Demystifying the Roles of LLM Layers in Retrieval, Knowledge, and Reasoning

📝 Paper Summary

LLM Interpretability Model Compression Mechanistic Interpretability

LLM depth utilization is highly heterogeneous: likelihood metrics and knowledge tasks rely on shallow layers, while generation metrics and complex reasoning require middle and deep layers, especially in distilled models.

Core Problem

Recent claims that deep layers in LLMs are redundant rely on narrow likelihood-based evaluations, failing to capture the critical role deep layers play in generation coherence and complex reasoning.

Why it matters:

Aggressive pruning based on flawed metrics (like log-likelihood) may destroy a model's ability to reason or maintain long-range coherence
Understanding where capabilities like retrieval vs. reasoning reside is crucial for efficient model compression and distillation
Current benchmarks often overlook the fragility of deep layers in specific tasks like math or multi-step reasoning

Concrete Example: When evaluating a layer-pruned model using standard multiple-choice accuracy (log-likelihood), performance appears stable. However, when the same pruned model is asked to generate a full chain-of-thought solution for a math problem (GSM8K), it fails catastrophically because the reasoning logic residing in deep layers was removed.

Key Novelty

Task- and Metric-Aware Depth Analysis

Demonstrates that 'layer importance' is an artifact of the evaluation metric: likelihood metrics hide deep-layer degradation that generation metrics reveal
Identifies a functional split in depth: shallow layers handle knowledge/retrieval, while middle/deep layers handle reasoning and coherence
Shows that distillation redistributes reasoning capabilities, making them more robust and spread across middle layers rather than just deep ones

Evaluation Highlights

Likelihood-based evaluation underestimates pruning impact: on MMLU, log-likelihood shows drops only in early layers, while generation shows drops across all depths
Retrieval depends on shallow layers: pruning layers 1-2 causes up to -0.8 accuracy drop on KV Retrieval, while deep layers contribute almost zero
Reasoning is fragile in deep layers: pruning specific deep layers (e.g., layer 35 in Qwen) drops GSM8K accuracy by ~60% (delta -0.6)

Breakthrough Assessment

7/10

Provides a crucial correction to the 'deep layers are useless' narrative by proving metric dependence. Useful practical insights for pruning, though the core technique (layer pruning) is standard.

⚙️ Technical Details

Problem Definition

Setting: Analyzing the performance degradation of LLMs when specific layers or heads are removed (pruned) during inference.

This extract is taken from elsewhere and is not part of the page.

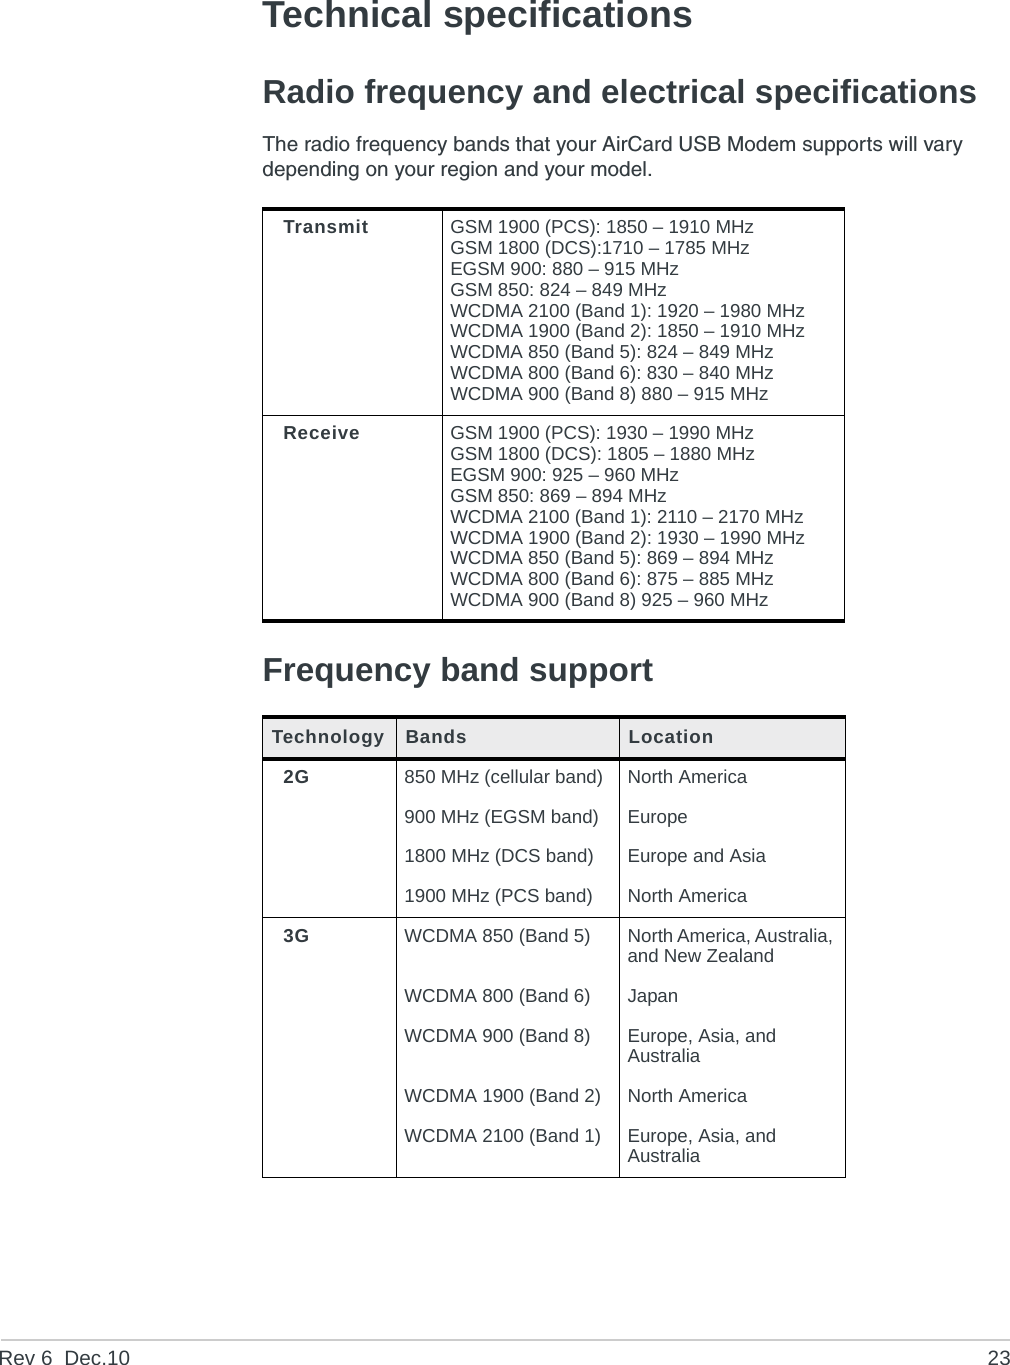 Rev 6  Dec.10 23Technical specificationsRadio frequency and electrical specificationsThe radio frequency bands that your AirCard USB Modem supports will vary depending on your region and your model.Frequency band supportTransmit GSM 1900 (PCS): 1850 – 1910 MHzGSM 1800 (DCS):1710 – 1785 MHzEGSM 900: 880 – 915 MHzGSM 850: 824 – 849 MHzWCDMA 2100 (Band 1): 1920 – 1980 MHzWCDMA 1900 (Band 2): 1850 – 1910 MHzWCDMA 850 (Band 5): 824 – 849 MHzWCDMA 800 (Band 6): 830 – 840 MHzWCDMA 900 (Band 8) 880 – 915 MHzReceive GSM 1900 (PCS): 1930 – 1990 MHzGSM 1800 (DCS): 1805 – 1880 MHzEGSM 900: 925 – 960 MHzGSM 850: 869 – 894 MHzWCDMA 2100 (Band 1): 2110 – 2170 MHzWCDMA 1900 (Band 2): 1930 – 1990 MHzWCDMA 850 (Band 5): 869 – 894 MHzWCDMA 800 (Band 6): 875 – 885 MHzWCDMA 900 (Band 8) 925 – 960 MHzTechnology Bands Location2G 850 MHz (cellular band) North America900 MHz (EGSM band) Europe1800 MHz (DCS band) Europe and Asia1900 MHz (PCS band) North America3G WCDMA 850 (Band 5) North America, Australia, and New ZealandWCDMA 800 (Band 6) JapanWCDMA 900 (Band 8) Europe, Asia, and AustraliaWCDMA 1900 (Band 2) North AmericaWCDMA 2100 (Band 1) Europe, Asia, and Australia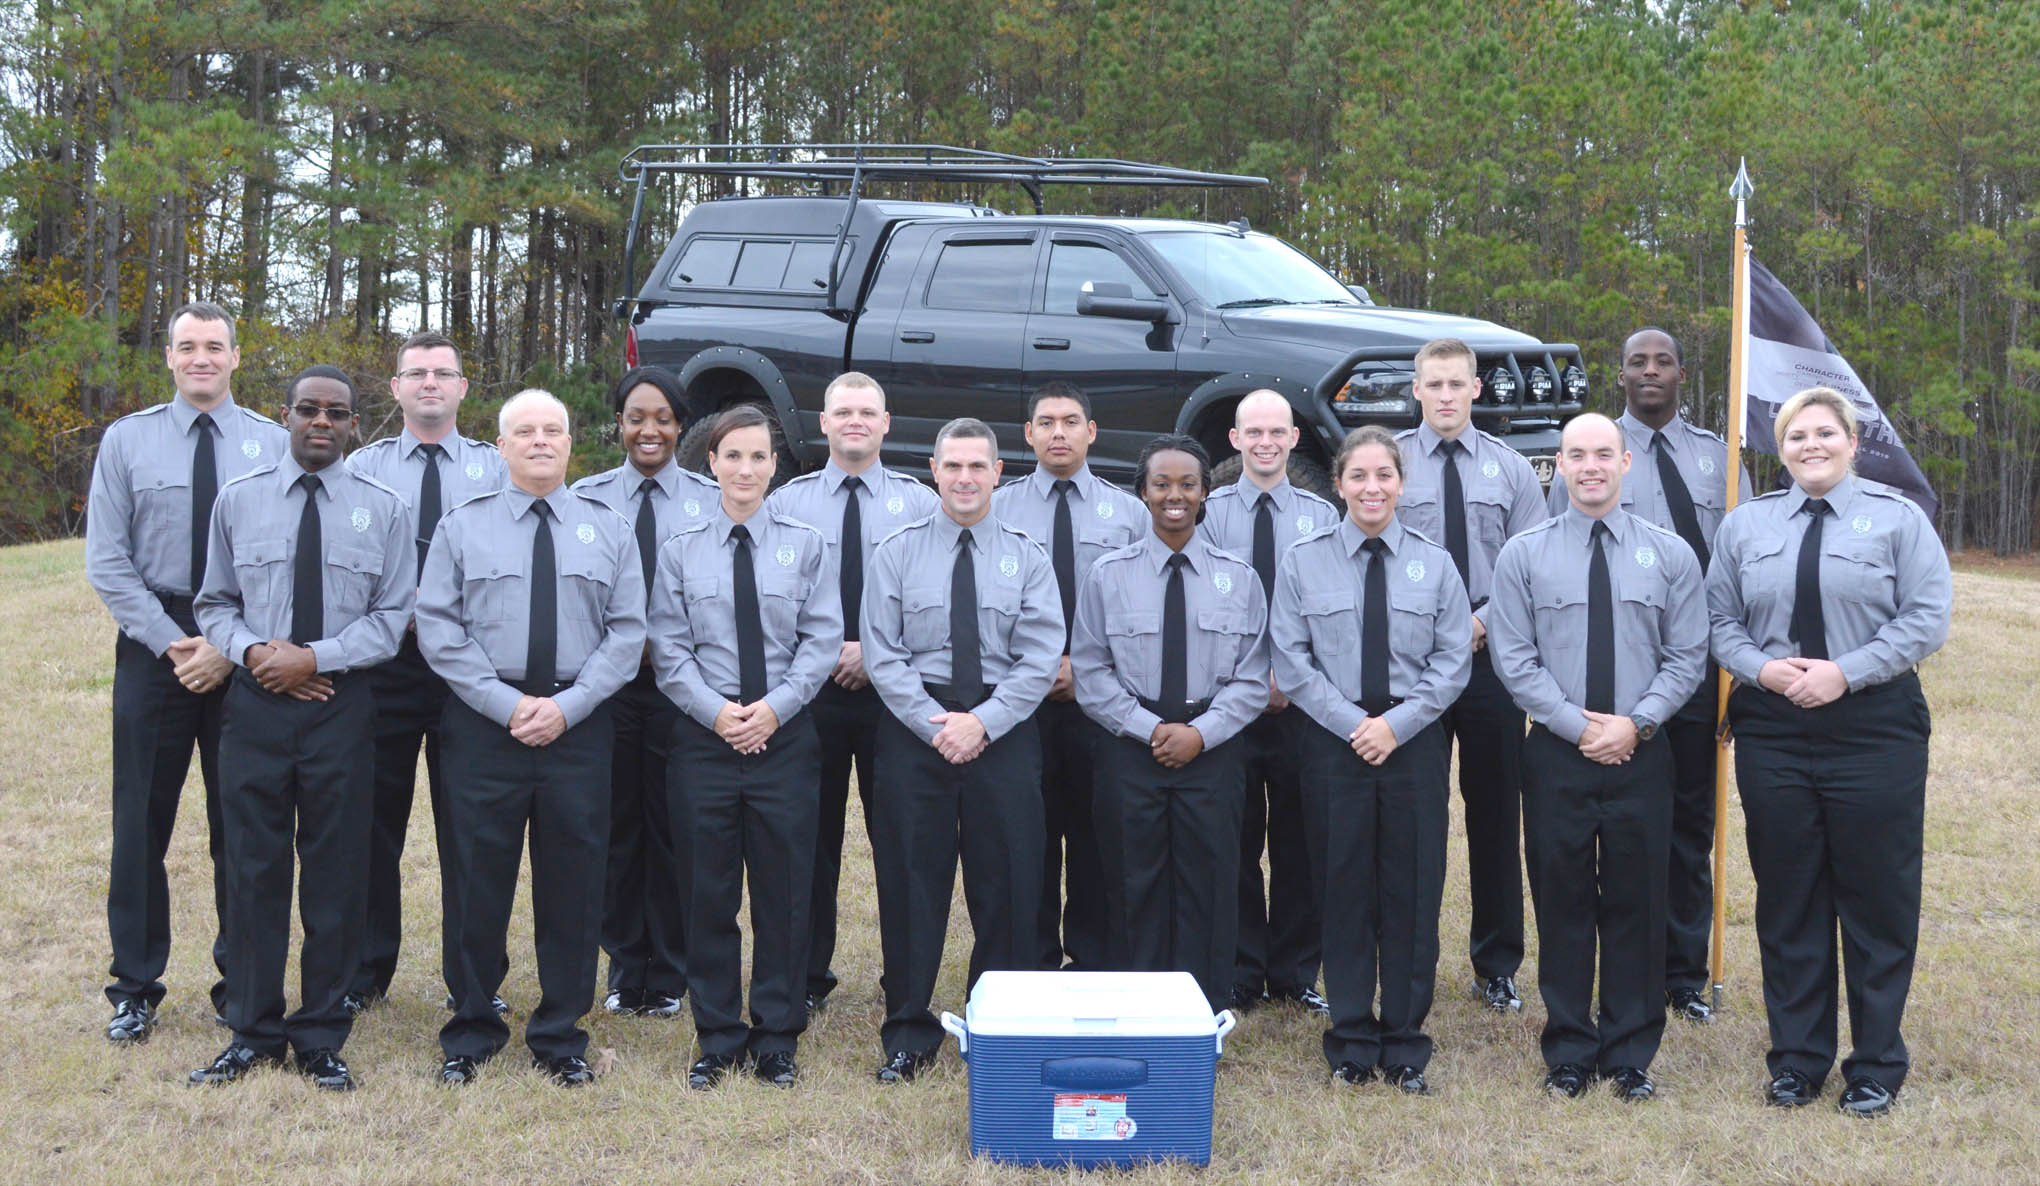 Click to enlarge,  Pictured are members of Central Carolina Community College's Basic Law Enforcement Training (BLET) Fall 2016 graduating class. Pictured are, left to right: first row, Demetrix Allen, David Schau, Mandy Leon, Robert Otis, Veronica Campbell, Jaime Rizzuto, Kristopher Higgins, and Kaitlin Shaver; second row, Class Capt. Robert Smith, Jacob Foil, Kamaria Hooker, Shawn Cronin, Ivan Rincon, Alexander Bennett, Donald Dunlap, and William Brown. For more information about the college's BLET program, visit www.cccc.edu/blet or contact Robert Powell at rpowell@cccc.edu or 919-777-7774.

Inputs: Prompt x (e.g., MMLU question, GSM8K math problem)

Outputs: Generated text y or probability distribution over options

Pipeline Flow

Input Prompt
Transformer Layers 1 to N (with specific layer L skipped/pruned)
Output Generation / Classification

System Modules

Transformer Block

Process hidden states; shallow blocks handle syntax/retrieval, deep blocks handle reasoning

Model or implementation: Llama-3.1-8B / Qwen3-8B / Llama-1-7B

Modeling

Base Model: Llama-3.1-8B, Qwen3-8B, Llama-1-7B

Training Method: Analysis of existing pre-trained and distilled models (no new training method proposed)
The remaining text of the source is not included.